The light was dimming and the rising moon was sailing towards the clouds by the time Mary Curry arrived in the family wagon to pick the boys up.  Her clear blue eyes scanned the trees, the carefully piled leaves, and the sack of windfall fruit propped up against the wall of Mrs. Smart’s little timber home.  She gave a nod of satisfaction.  “Looks good,” she announced.  “Did you tell her that I told you what to do?”

The boys nodded in unison.

“Great.  And did you do everything I told you to do?”

More nodding.

“Exactly as I told you to do it?”

“Yes, Ma.”  Jed grin grew wider.  “We did.  We planted them.  Hannibal made sure it was spelled right.”

Mrs.
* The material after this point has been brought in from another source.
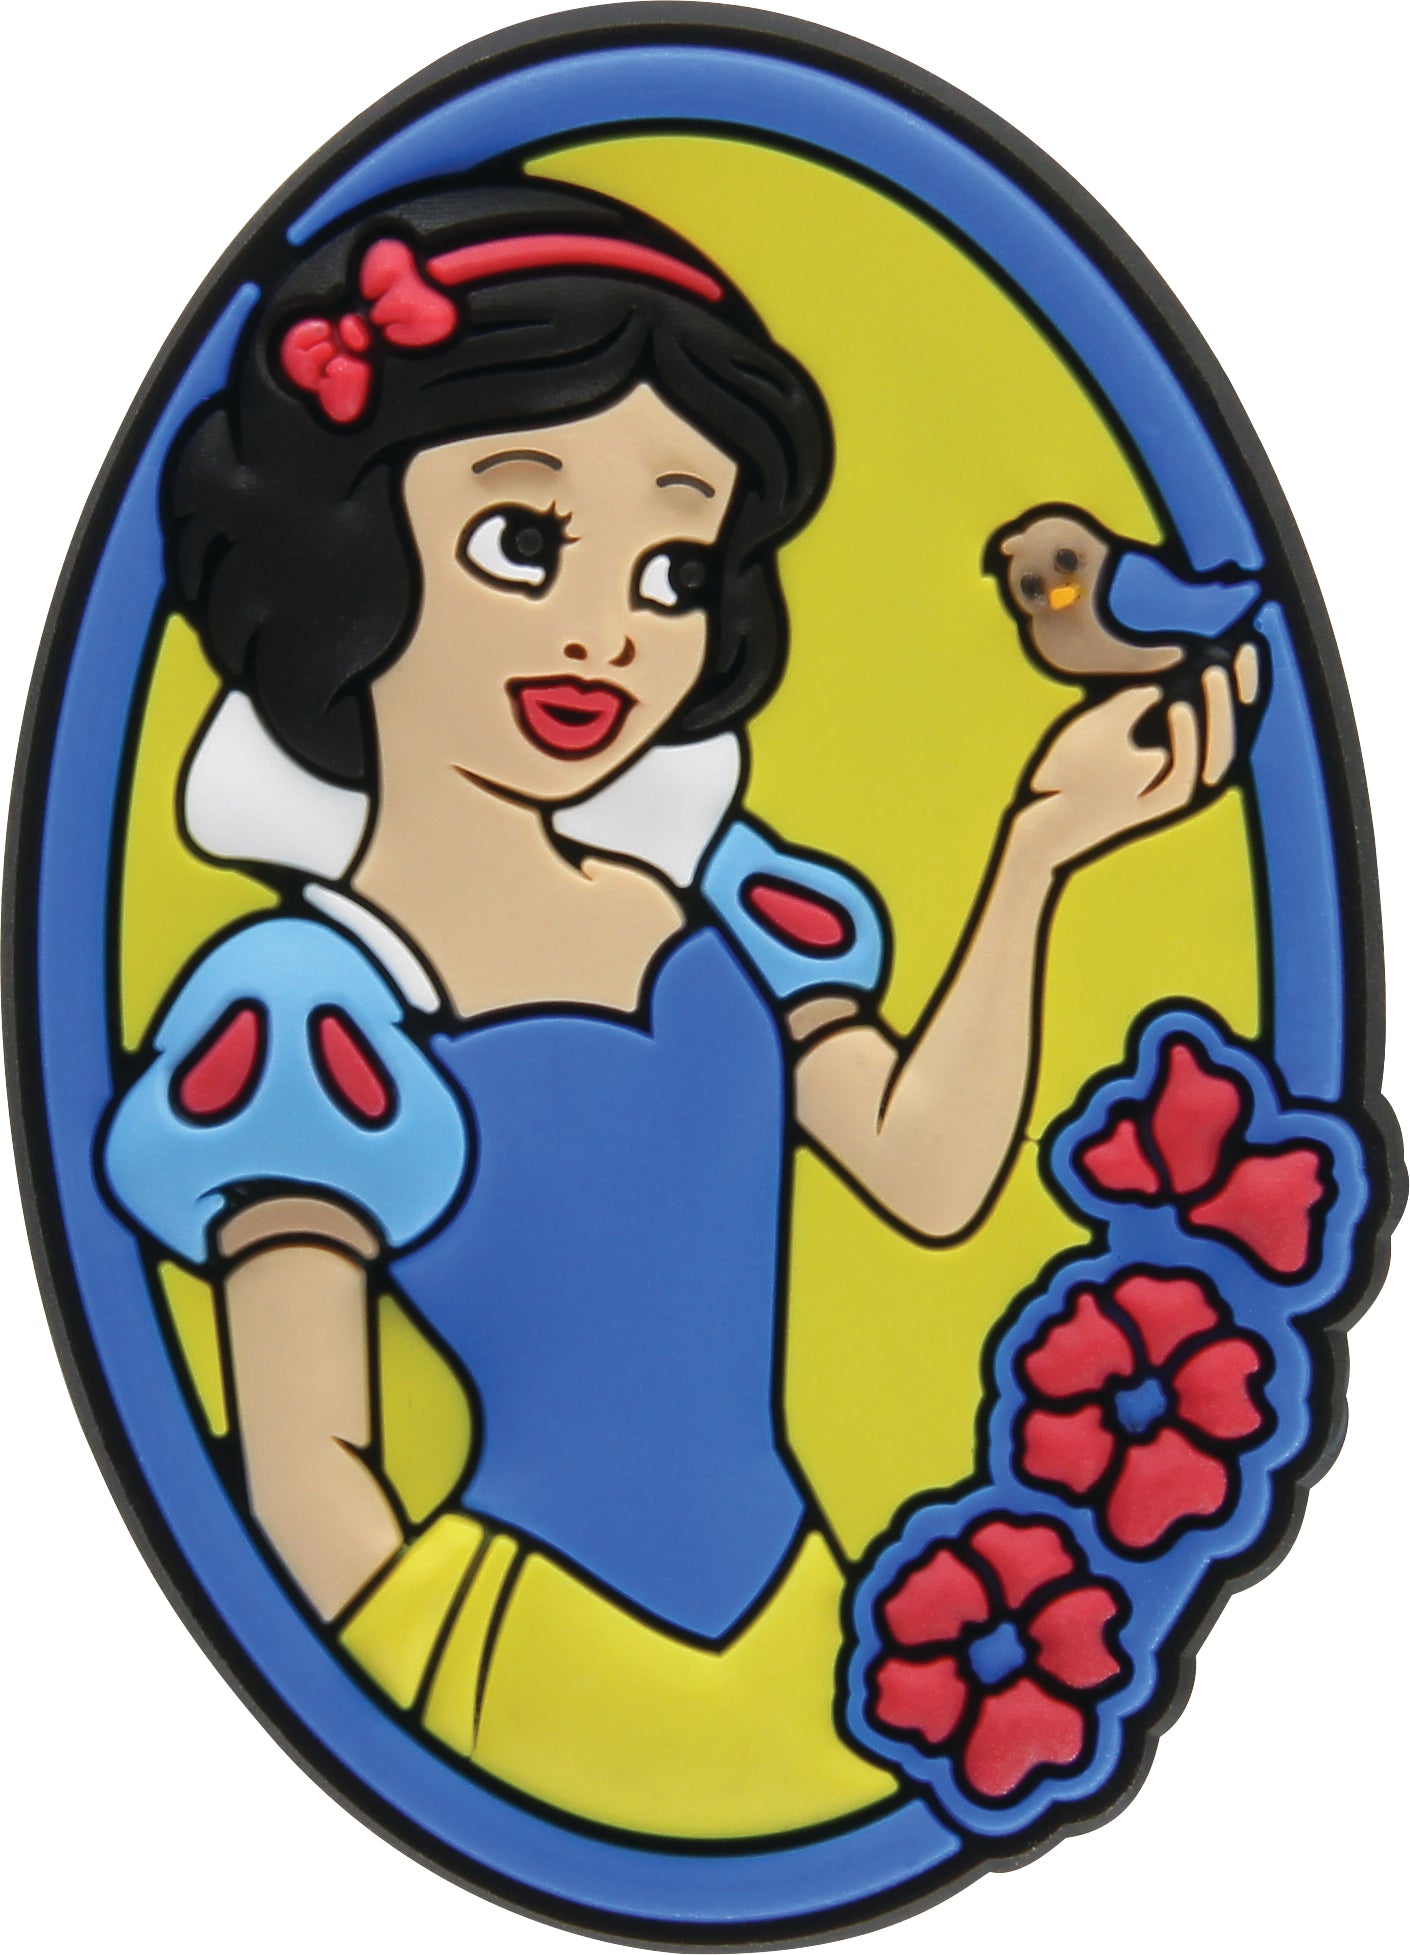 Snow White Badge SS17

Curry started to chuckle, the mirth rolling around her petite frame, filling her pretty face with devilment.  “Good.  Maybe she’ll think twice before she insults this family again when the words ‘selfish witch’ come up, written in spring flowers.  I wonder how long it’ll take before anyone even tells her.”

“Won’t she see them for herself, Auntie Mary?” asked little Hannibal.

“She says she doesn’t go out after dark,” Mary Curry shrugged.  “You planted moonflowers, so they blossom in the moonbeams.  There won’t be much to see during the day.  She’ll only know if she has any friends.”  She watched the boys climb in the vehicle before giving the reins a shake to bid the horse into motion.  “I hope it’s there good and long before she finds out.  That’ll teach her to argue with an Irish woman.  Nobody blackens the name of my husband and child and walks away.  Nobody!”